- **Exercise instructions**: In the listing below, a line holding "Low Carb Keto Zuppa Toscana Soup Recipe" and a line holding "Chrysanthemum Drawing Hand" mark the range. Retype both exactly, with all lines between them.

- **Listed entries**:

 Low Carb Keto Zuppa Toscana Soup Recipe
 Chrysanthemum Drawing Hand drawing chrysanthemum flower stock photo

...

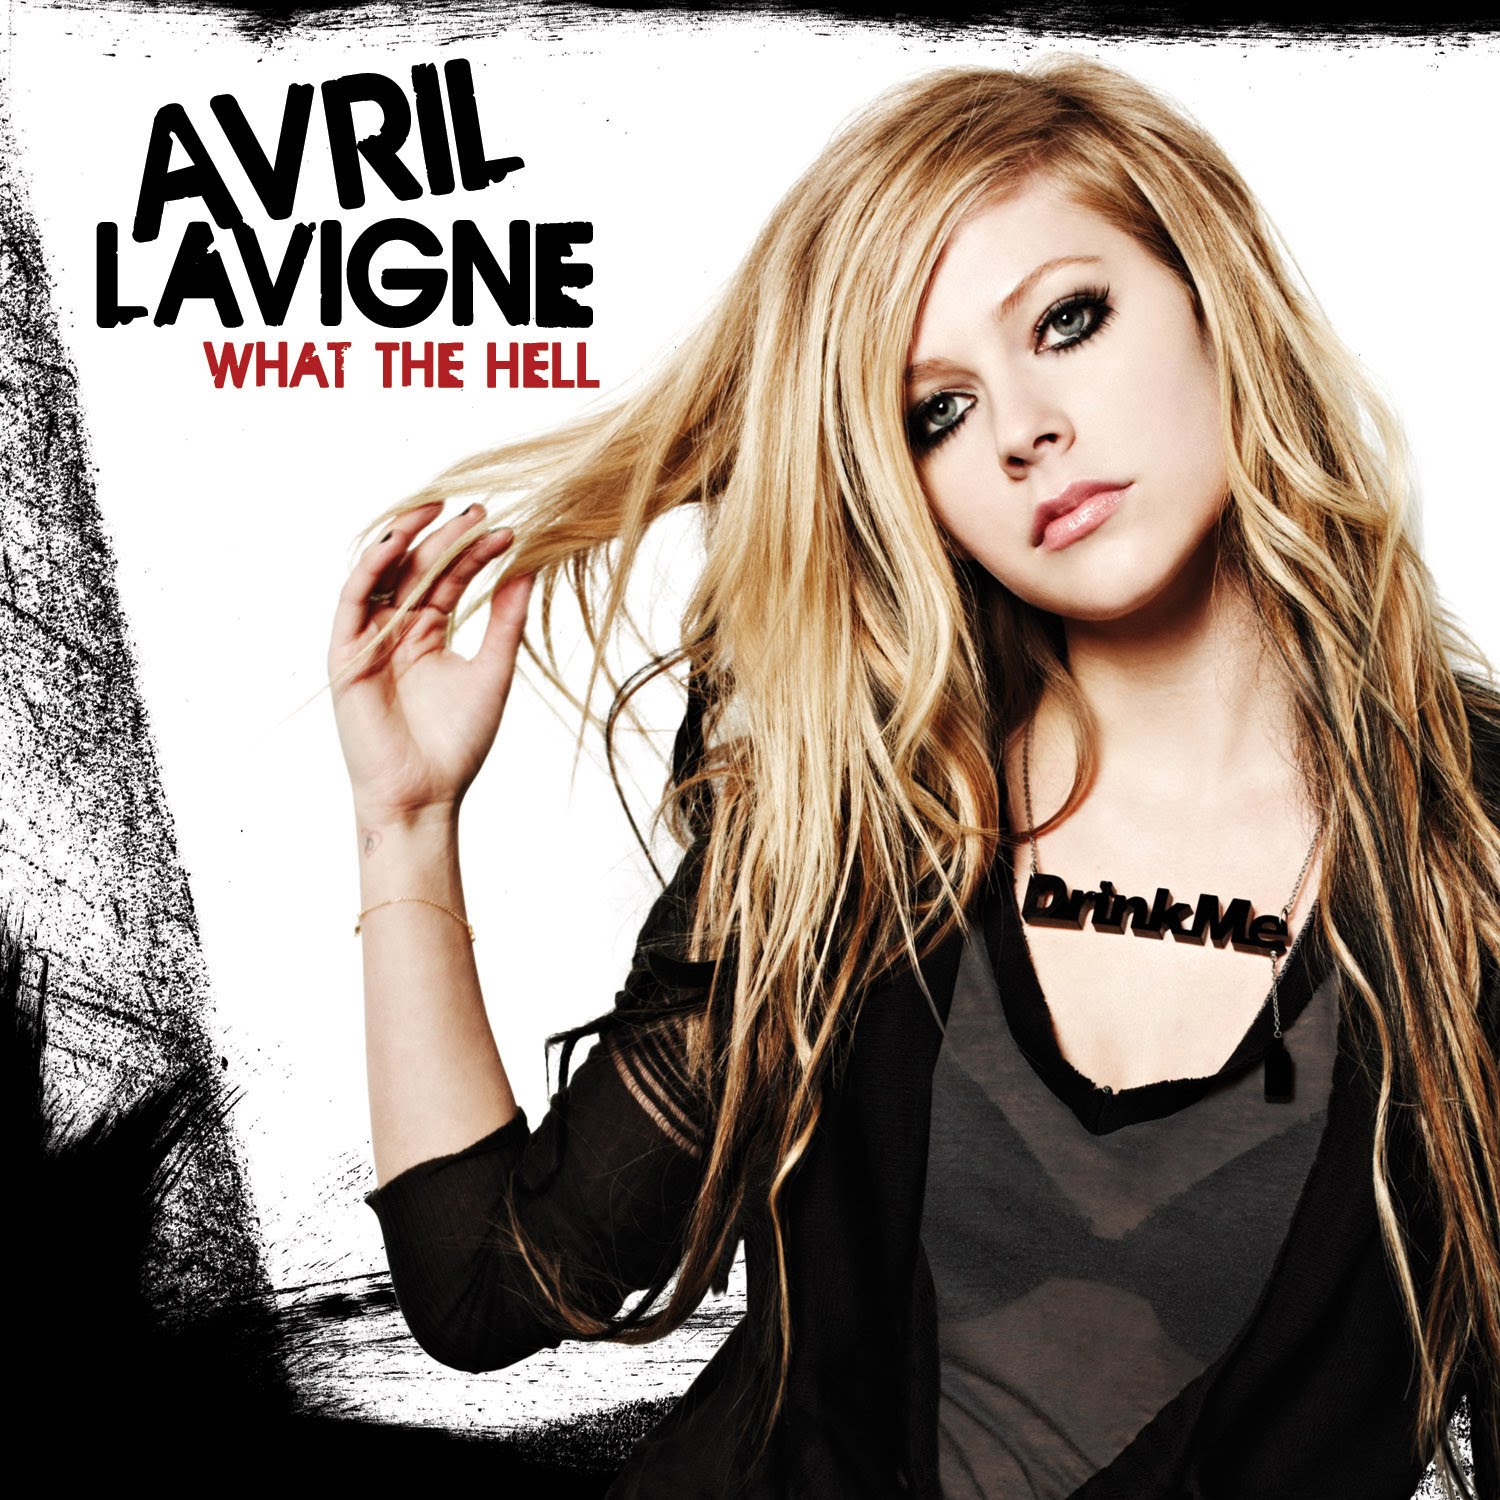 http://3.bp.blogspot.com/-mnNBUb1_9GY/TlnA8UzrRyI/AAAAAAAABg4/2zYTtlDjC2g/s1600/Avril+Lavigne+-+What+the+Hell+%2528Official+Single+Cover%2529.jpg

- **Worked solution**:
 Low Carb Keto Zuppa Toscana Soup Recipe
 Chrysanthemum Drawing Hand drawing chrysanthemum flower stock photo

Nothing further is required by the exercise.